1. CONFLICTS OF INTERESTS

The Risk Alert references Section 206 of the Investment Advisers Act of 1940, as amended (the “Advisers Act”), which has been interpreted by the U.S. Supreme Court and the SEC as imposing a fiduciary duty on investment advisers. The primary obligations of an investment adviser’s fiduciary duty to its clients include a duty to make full and fair disclosure to clients of all material facts relating to the advisory relationship, particularly regarding any conflicts of interest. To be “full and fair,” disclosure should be sufficiently specific so that a client is able to understand the material fact or conflict of interest and make an informed decision whether to provide consent.[4]

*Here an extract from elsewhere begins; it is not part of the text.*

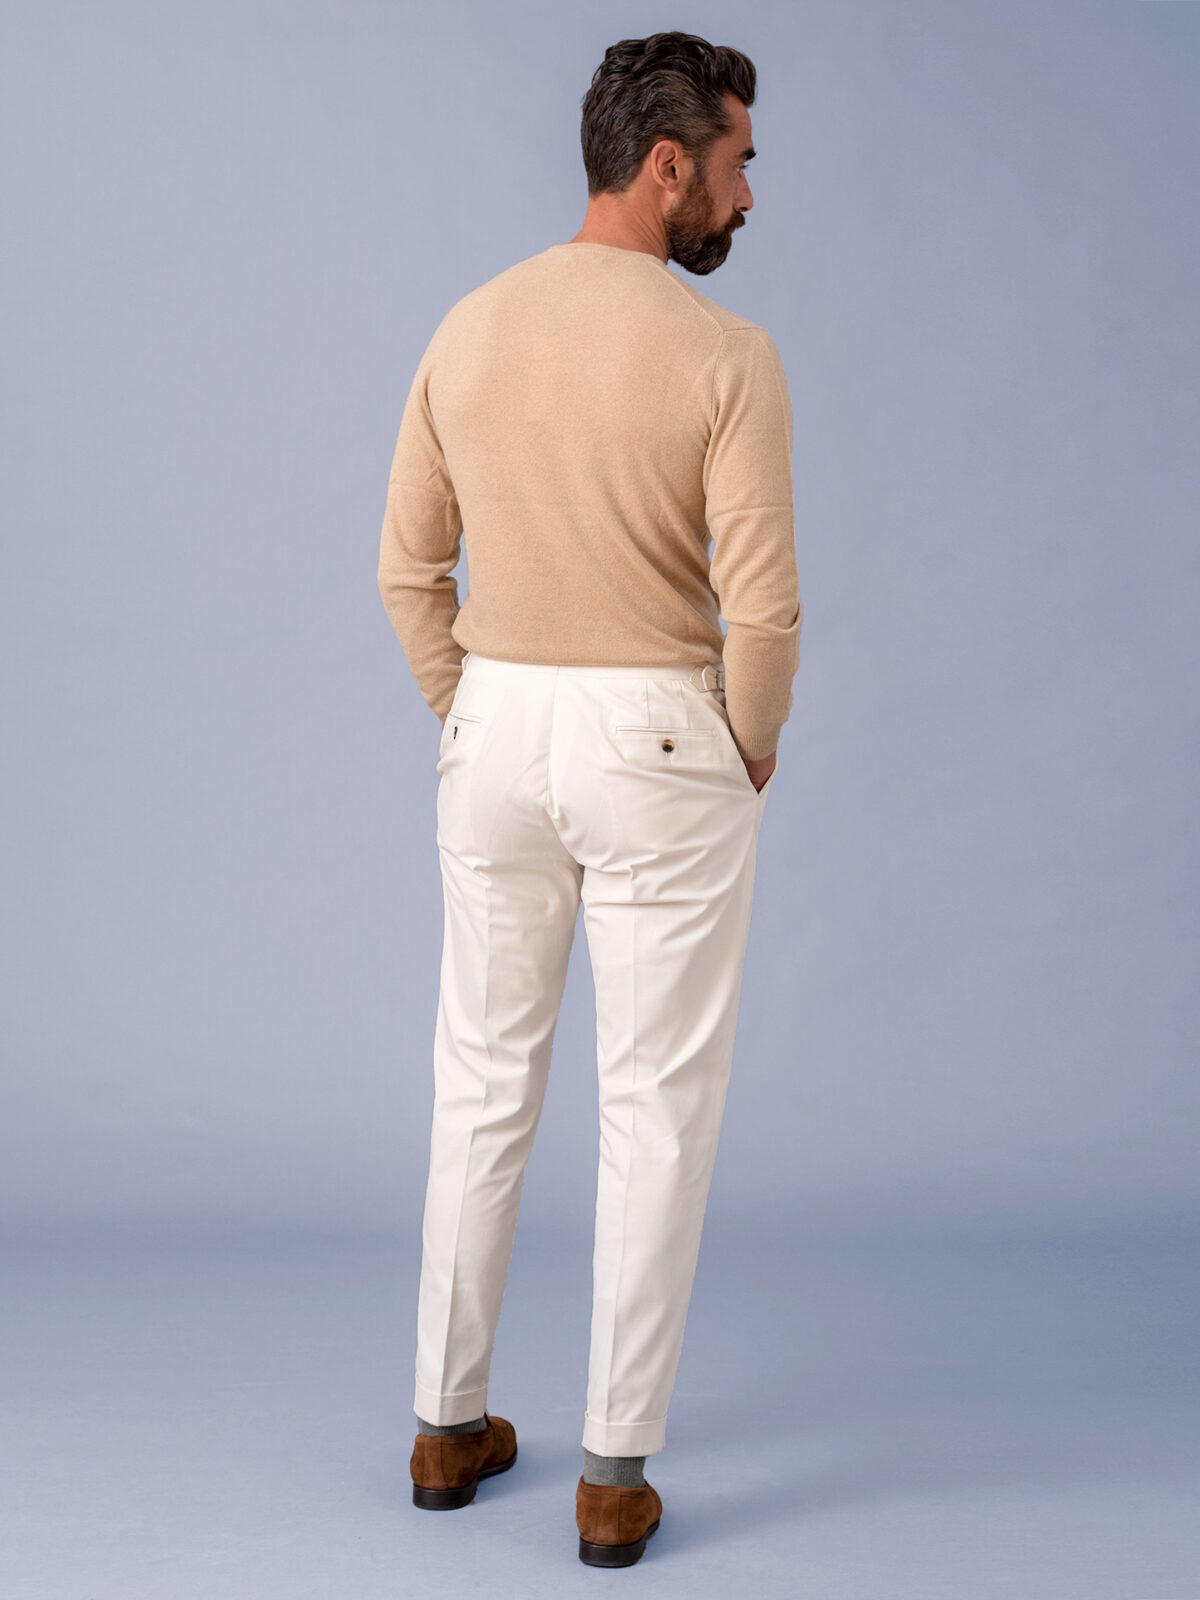 Off White Color Cotton Trouser Pants for Men – Punekar Cotton

In addition, Advisers Act Rule 206(4)-8 prohibits investment advisers to pooled investment vehicles from making any material misstatements or omissions to investors or prospective investors in a pooled investment vehicle or otherwise engaging in fraudulent activity with respect to such investors or prospective investors.

The Staff noted the following conflict of interest issues under Section 206 of the Advisers Act and Advisers Act Rule 206(4)-8 that were inadequately disclosed to clients and investors:

  • Conflicts related to allocations of investments. The Staff observed Private Fund Advisers preferentially allocated limited investment opportunities to new clients, higher fee-paying clients, or proprietary accounts or proprietary-controlled clients without providing adequate disclosure. The Staff also observed that Private Fund Advisers allocated securities at different prices or in inequitable amounts among clients without providing adequate disclosure as to the allocation process or in a manner inconsistent with the allocation process disclosed to investors.
  • Conflicts related to multiple clients investing in the same portfolio company. The Staff observed that Private Fund Advisers failed to provide adequate disclosure about conflicts created by causing clients to invest in the same portfolio company at different levels of a capital structure. In our experience, many Private Fund Advisers adopt policies and procedures for mitigating conflicts of interest in these scenarios, such as policies for limiting position size (e.g., limiting the size of debt positions and giving clear priority to equity positions seeking to waive voting rights regarding the debt position thus prioritizing the equity position in the portfolio company and/or seeking the consent of the applicable limited partner advisory committees before taking the dual positions).
  • Conflicts related to financial relationships between investors or clients and the adviser. The Staff observed that Private Fund Advisers did not provide adequate disclosure about economic relationships between themselves and select investors or clients. Examples included situations where investors acted as initial investors in the adviser’s private funds (“seed investors”) or investors who have provided financing to the adviser or the adviser’s private fund clients and had economic interests in the adviser.
  • Conflicts related to preferential liquidity rights. The Staff observed that Private Fund Advisers did not provide adequate disclosure to investors concerning side letter agreements it entered into with select investors (or agreements with undisclosed investment vehicles that invest alongside the fund) that established special terms, such as preferential liquidity terms, and the harm such terms could cause to other investors if exercised, particularly in times of market dislocation. The Staff did not address how Private Fund Advisers should balance transparency with confidentiality and “most favored nations” provisions agreed to with investors.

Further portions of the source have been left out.